| Brief |
Exact repetition of a range: find the line containing "British naturalist Alfred" and the line containing "Counselor Education and" in the material below, then repeat both and all lines between them, leaving pictures out.

| Data records |
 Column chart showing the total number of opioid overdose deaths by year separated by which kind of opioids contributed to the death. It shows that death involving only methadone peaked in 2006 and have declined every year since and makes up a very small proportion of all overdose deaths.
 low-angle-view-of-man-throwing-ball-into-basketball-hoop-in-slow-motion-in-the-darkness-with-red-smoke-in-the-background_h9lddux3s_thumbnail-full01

* * *

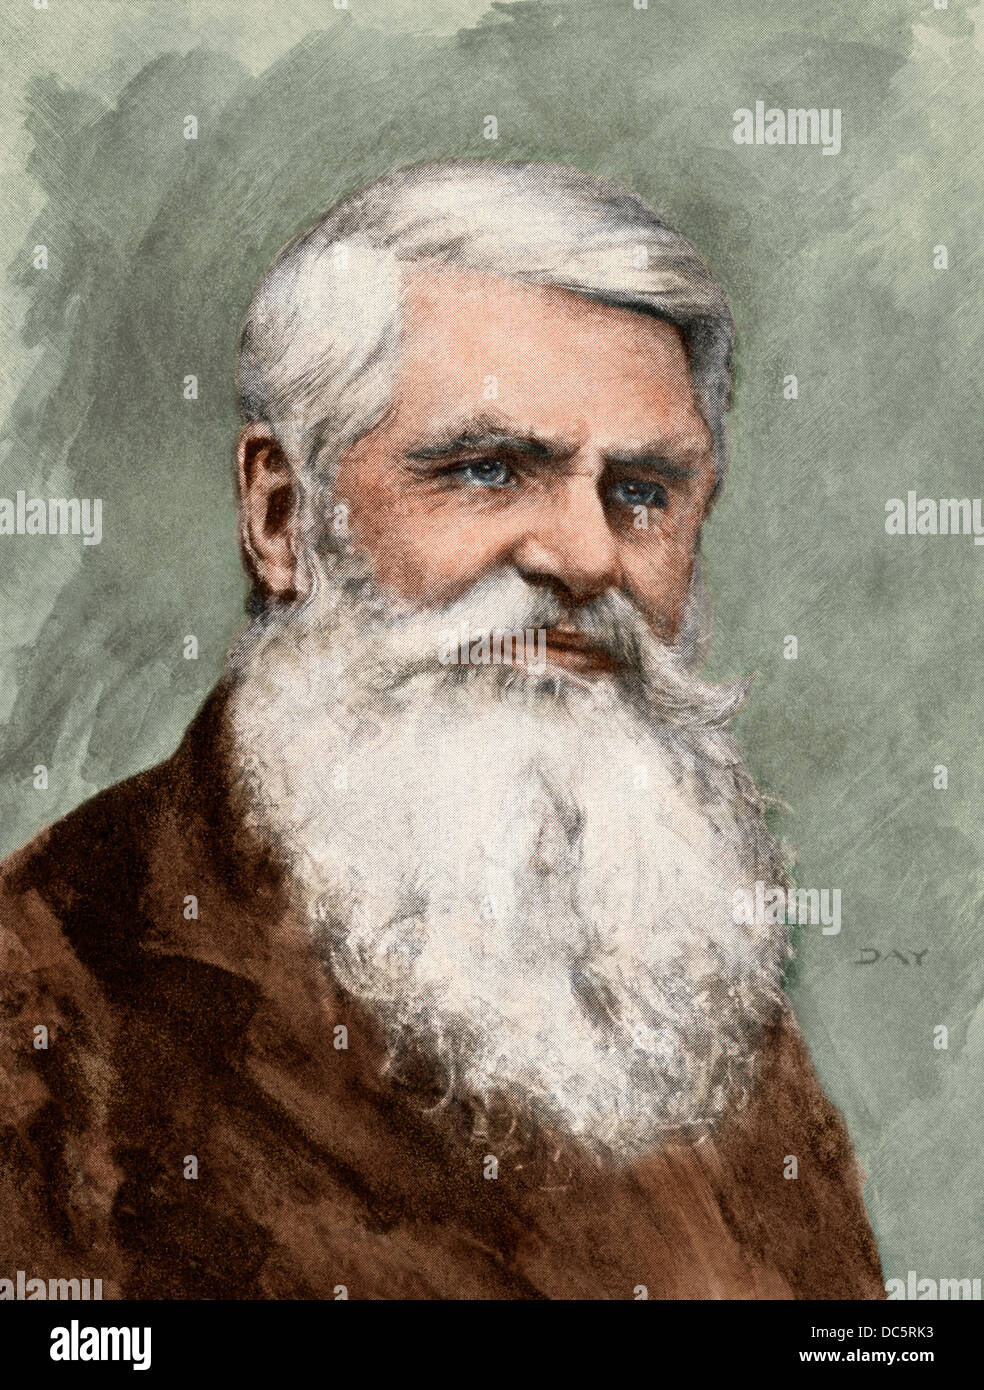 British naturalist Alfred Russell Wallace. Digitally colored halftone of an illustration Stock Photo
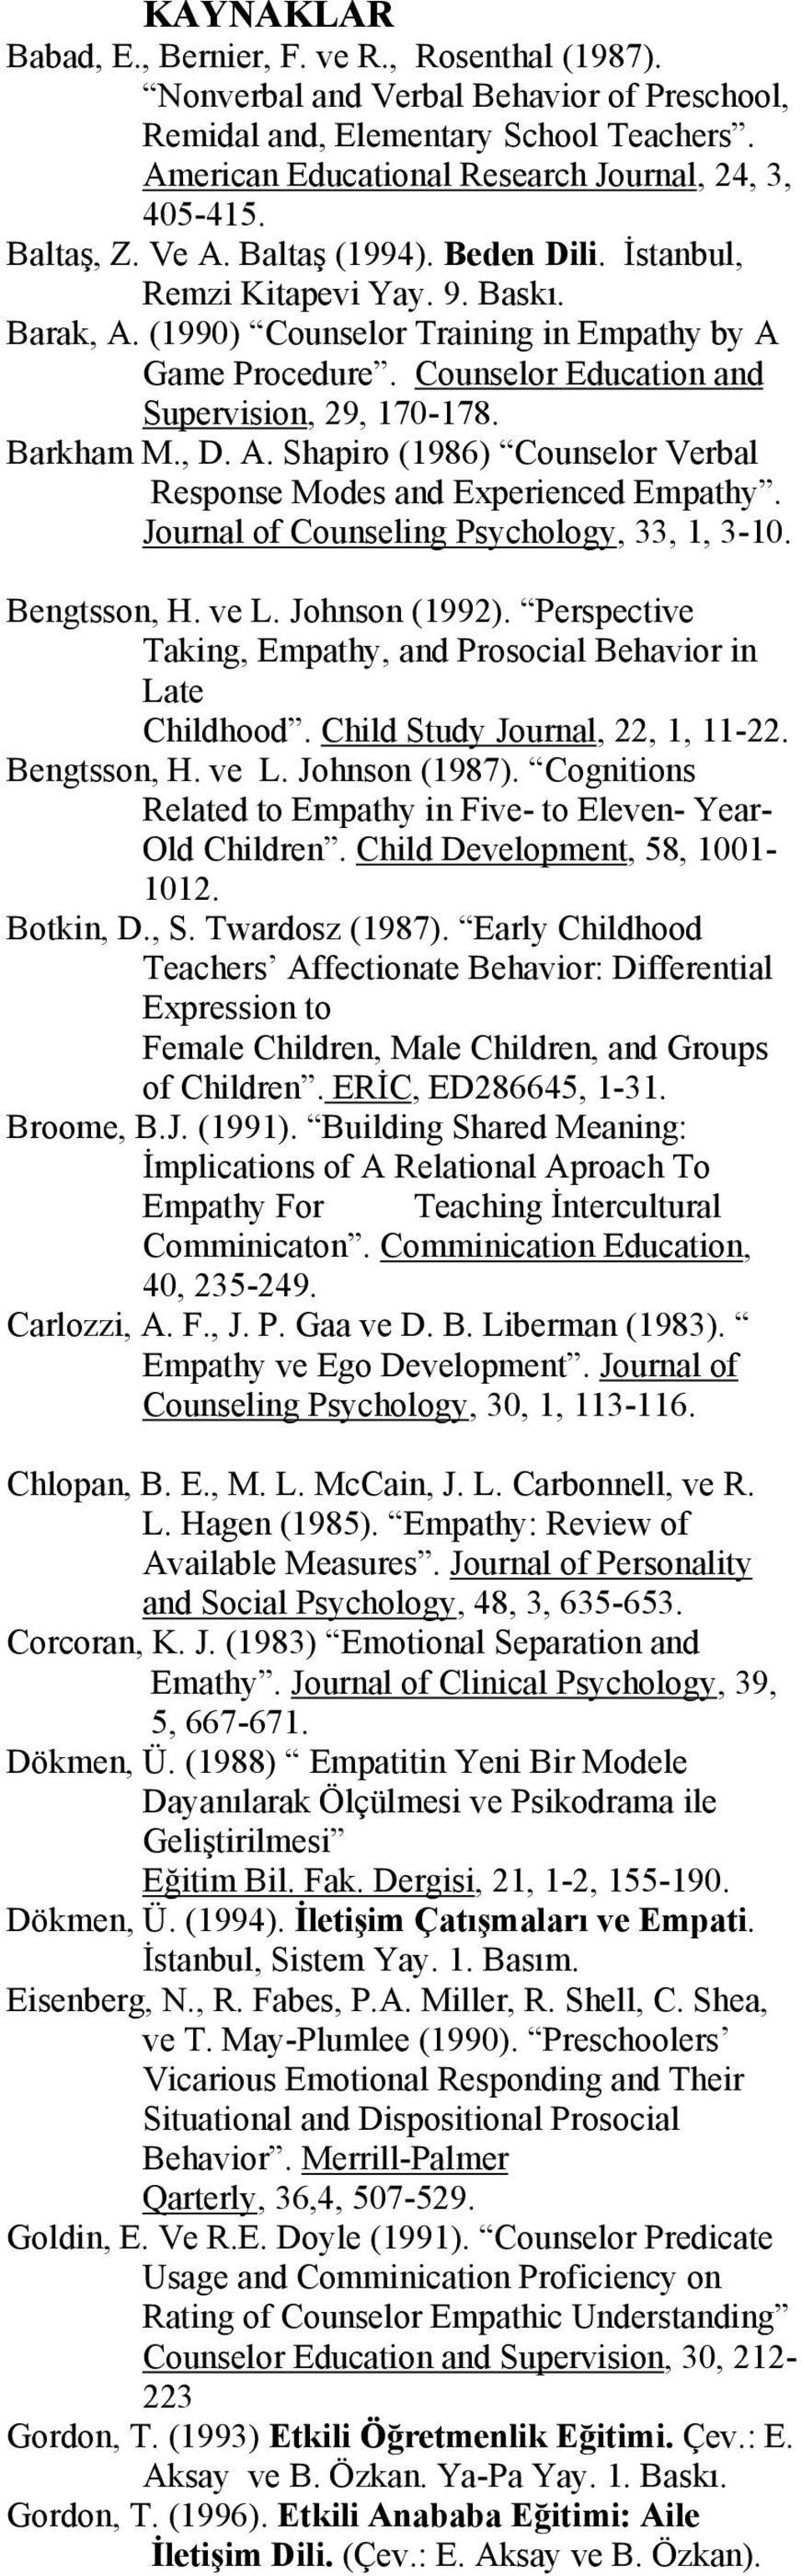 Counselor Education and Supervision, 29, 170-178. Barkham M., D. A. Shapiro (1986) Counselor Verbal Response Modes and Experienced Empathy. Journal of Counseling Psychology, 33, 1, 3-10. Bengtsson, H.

==

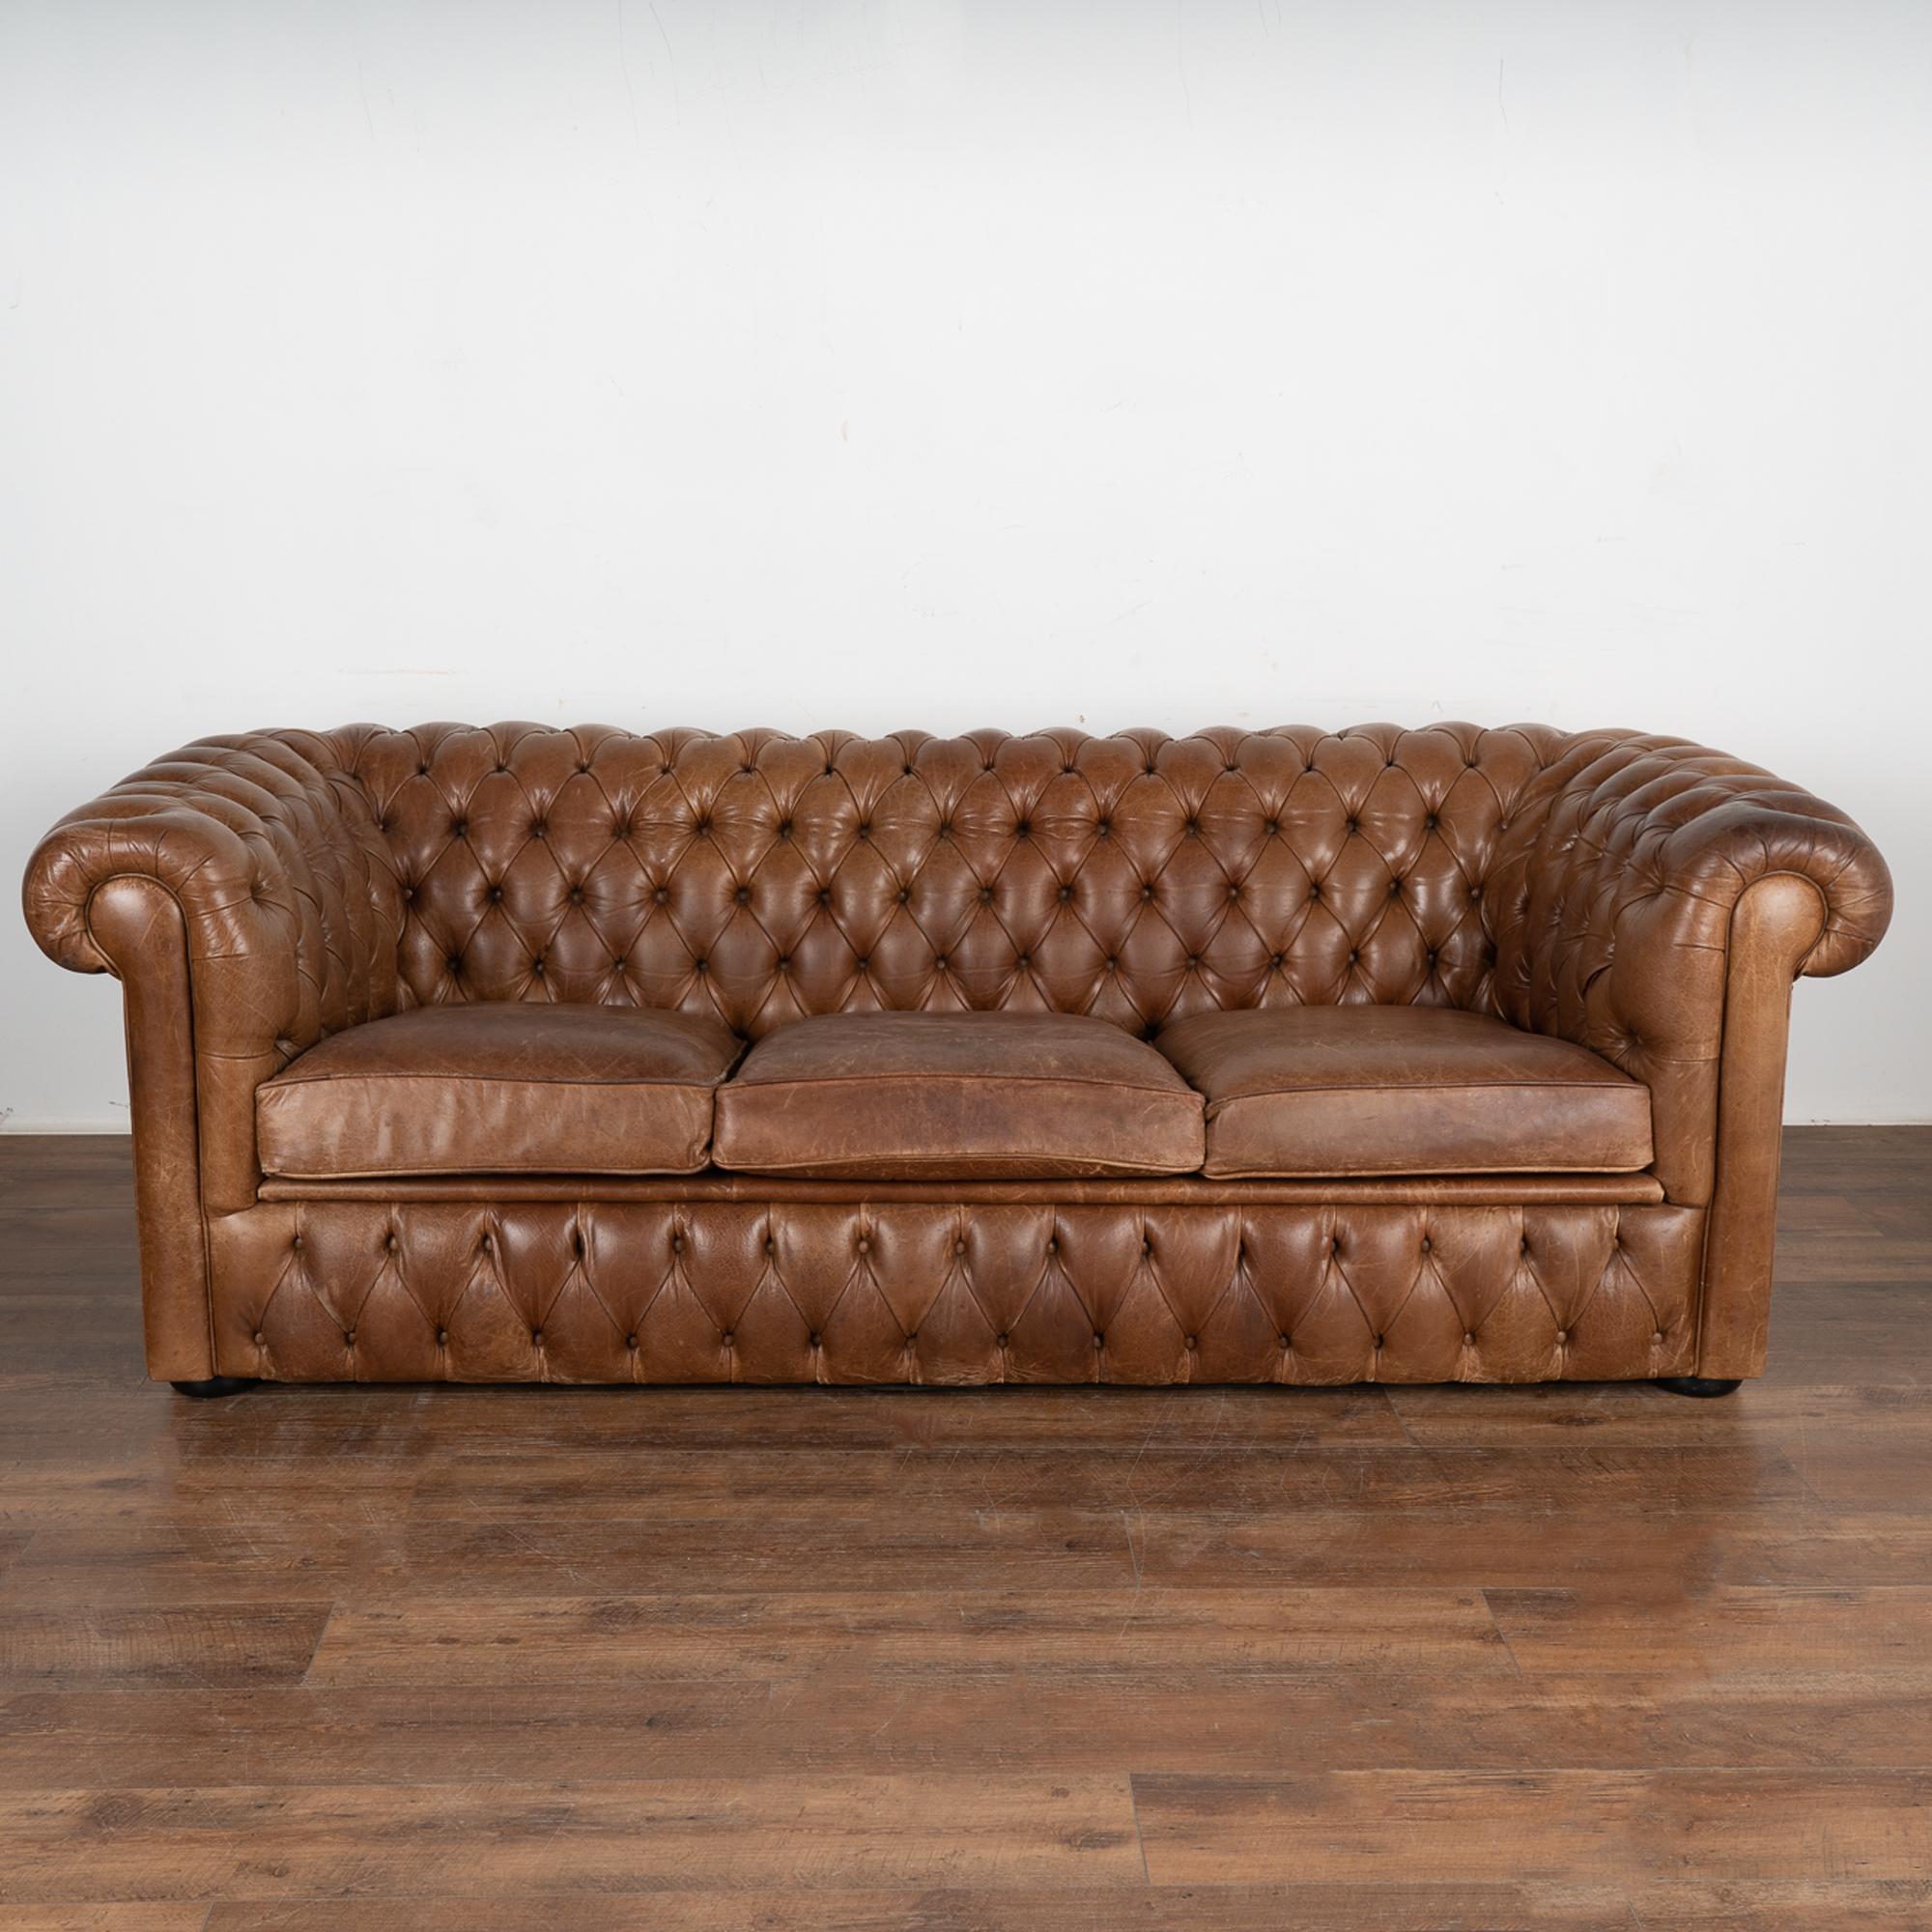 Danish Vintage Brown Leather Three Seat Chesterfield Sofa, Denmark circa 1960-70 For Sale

| Result of the exercise |
 British naturalist Alfred Russell Wallace. Digitally colored halftone of an illustration Stock Photo
 Counselor Education and Supervision, 29, 170-178. Barkham M., D. A. Shapiro (1986) Counselor Verbal Response Modes and Experienced Empathy. Journal of Counseling Psychology, 33, 1, 3-10. Bengtsson, H.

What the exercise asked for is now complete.